Кроме дровяного сарайки, осевшего на один угол, ничем не огороженное подворье обозначалось полоской отяжелевших подсолнухов, склоненно, будто под хмельком, шептавших что-то один другому в развесистые шершавые уши, остальное пограничье занимали то подзаборная бузина, вся в рубиновых гроздьях никому не нужных ягод, то рослые многоярусные мальвы, похожие на китайские пагоды {80}, а то куртины полуодичавших георгинов, разбросавших, как фейерверк, свои золотые соцветия.
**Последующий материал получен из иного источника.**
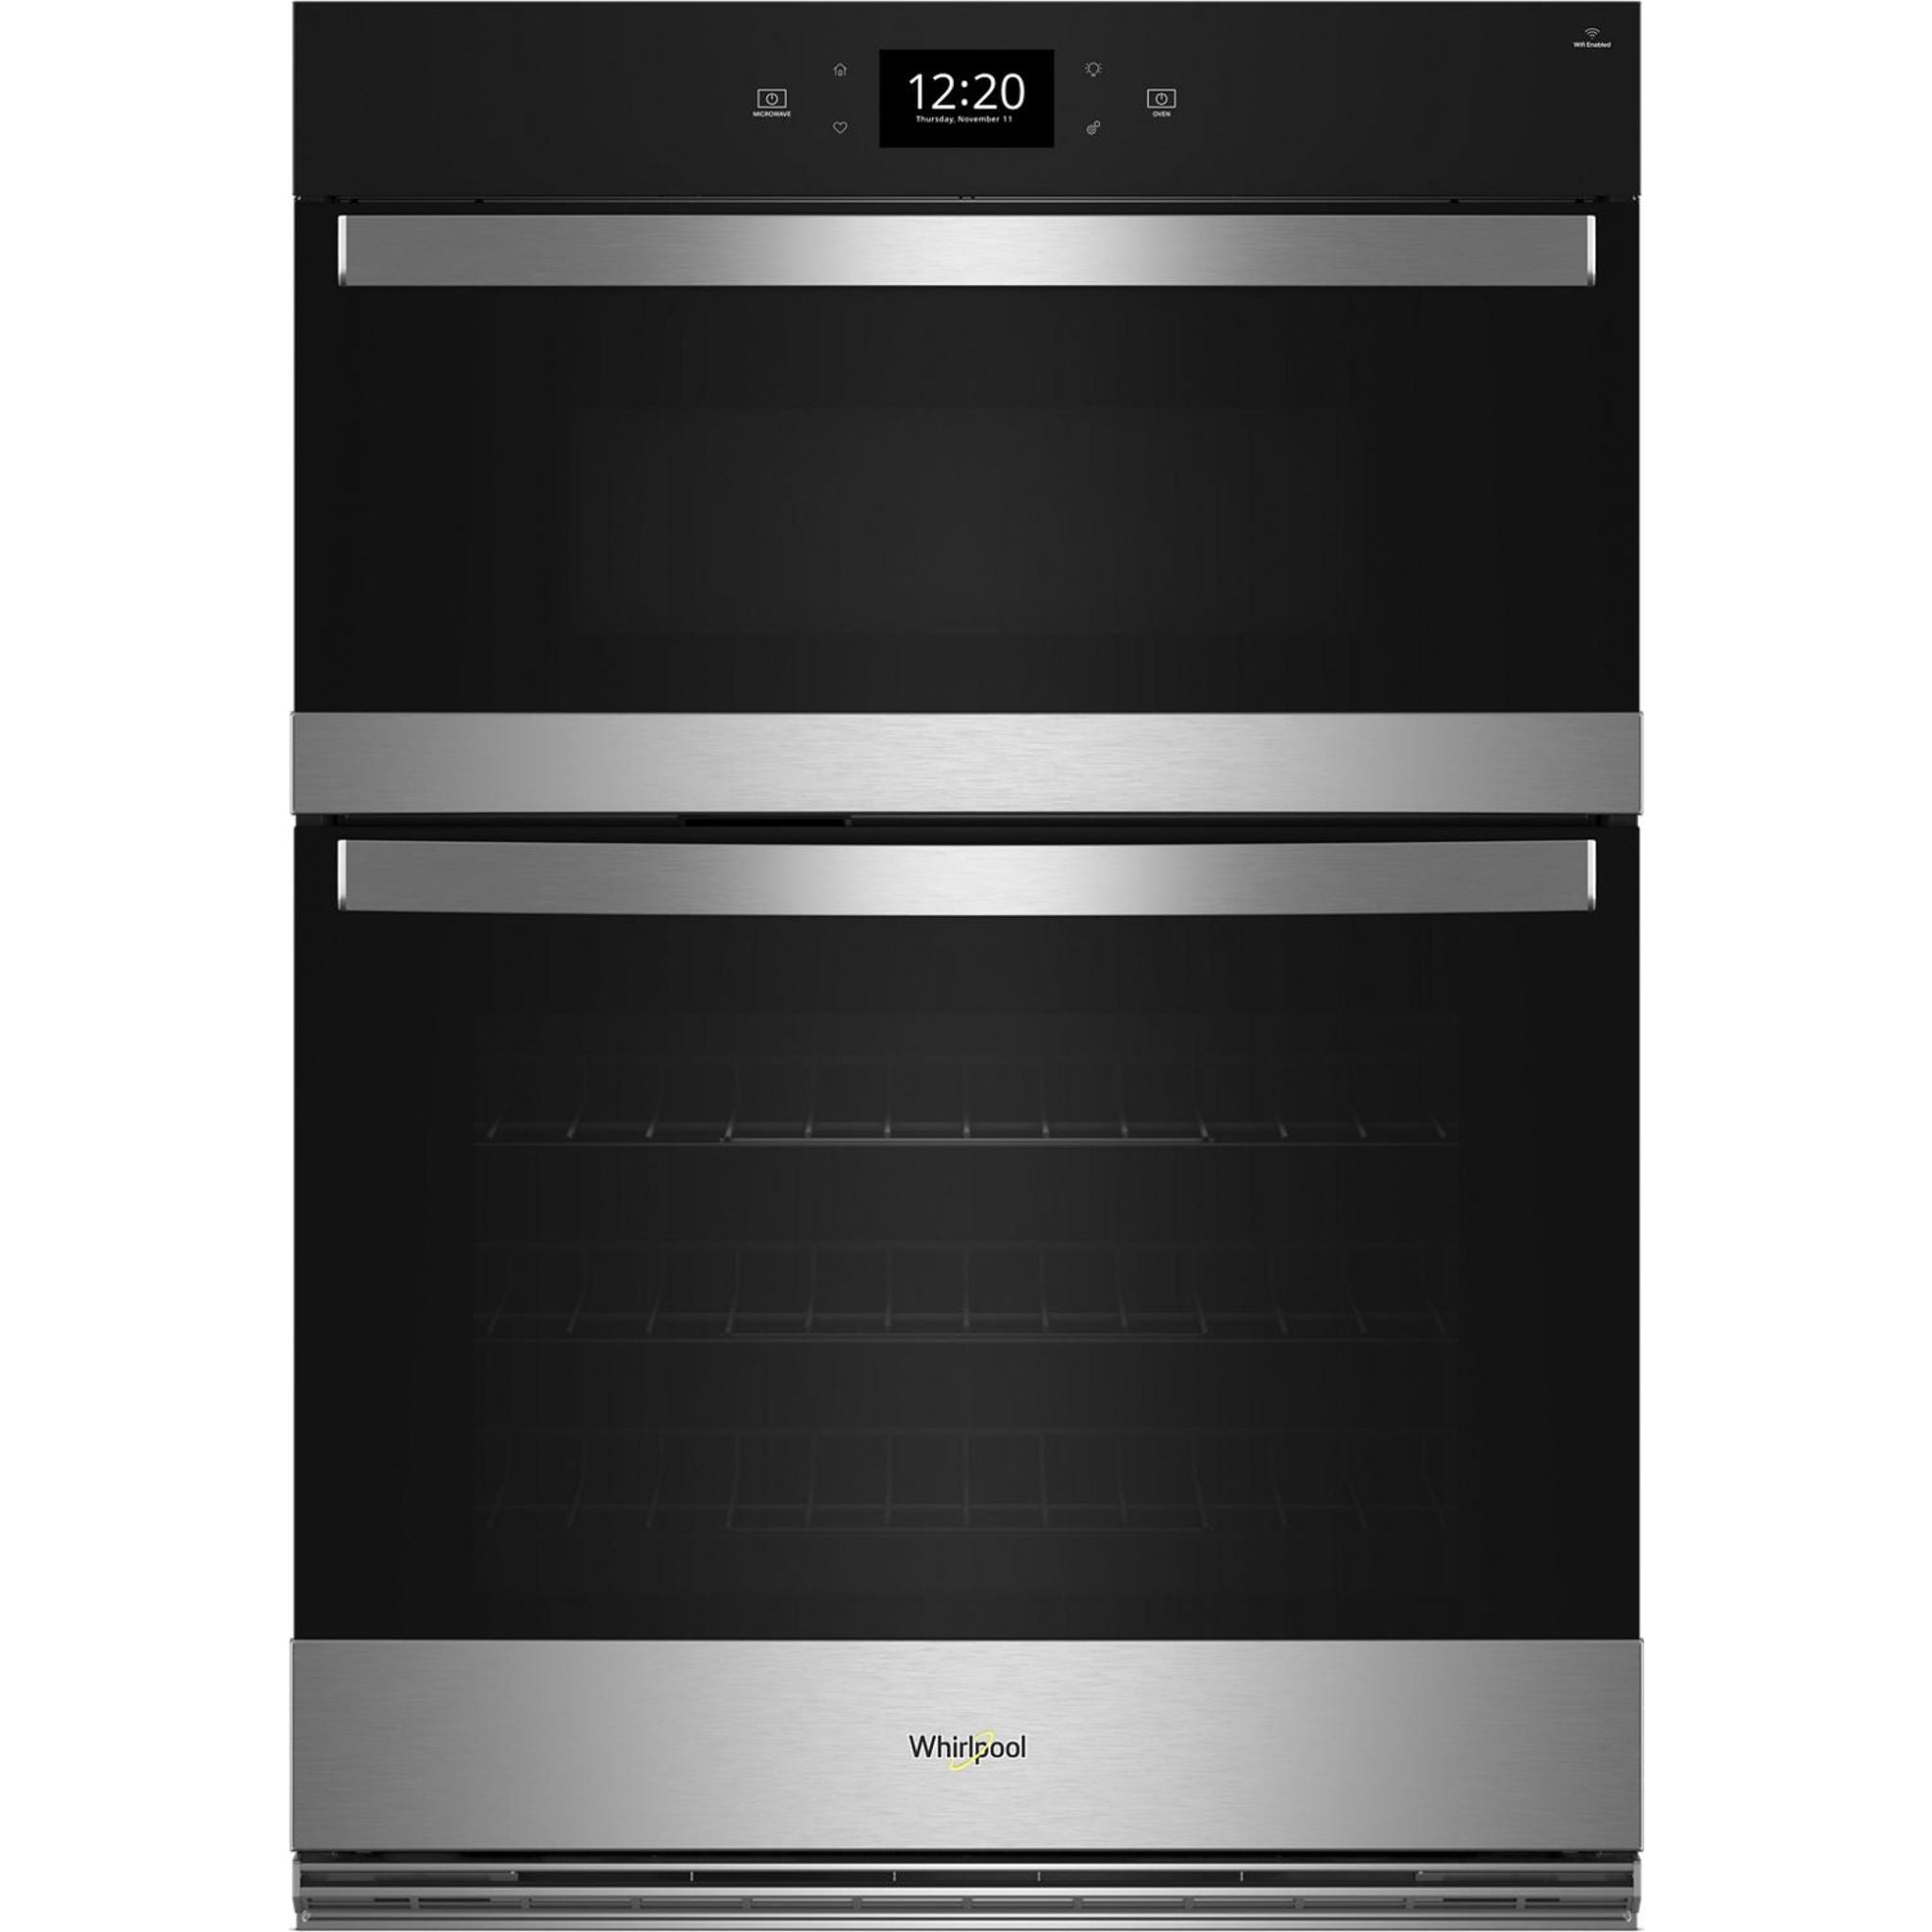 Whirlpool, 30" True Convection Wall Oven (WOEC7030PZ) - Fingerprint Resistant Stainless Steel

В этой живой огороже, опутанной еще и вьюнком с повиликой, однако неспособной никого удержать, кроме совестливого человека, радуясь пришествию теплого дня, самозабвенно цвиркали и зинзикали подросшие за лето кузнечики, навевая
— Может, помочь? — спросил я Лукьяновну.
— Сичас… Это я, сдуревши, сарайный ключ засунула… Совсем опешила, старая…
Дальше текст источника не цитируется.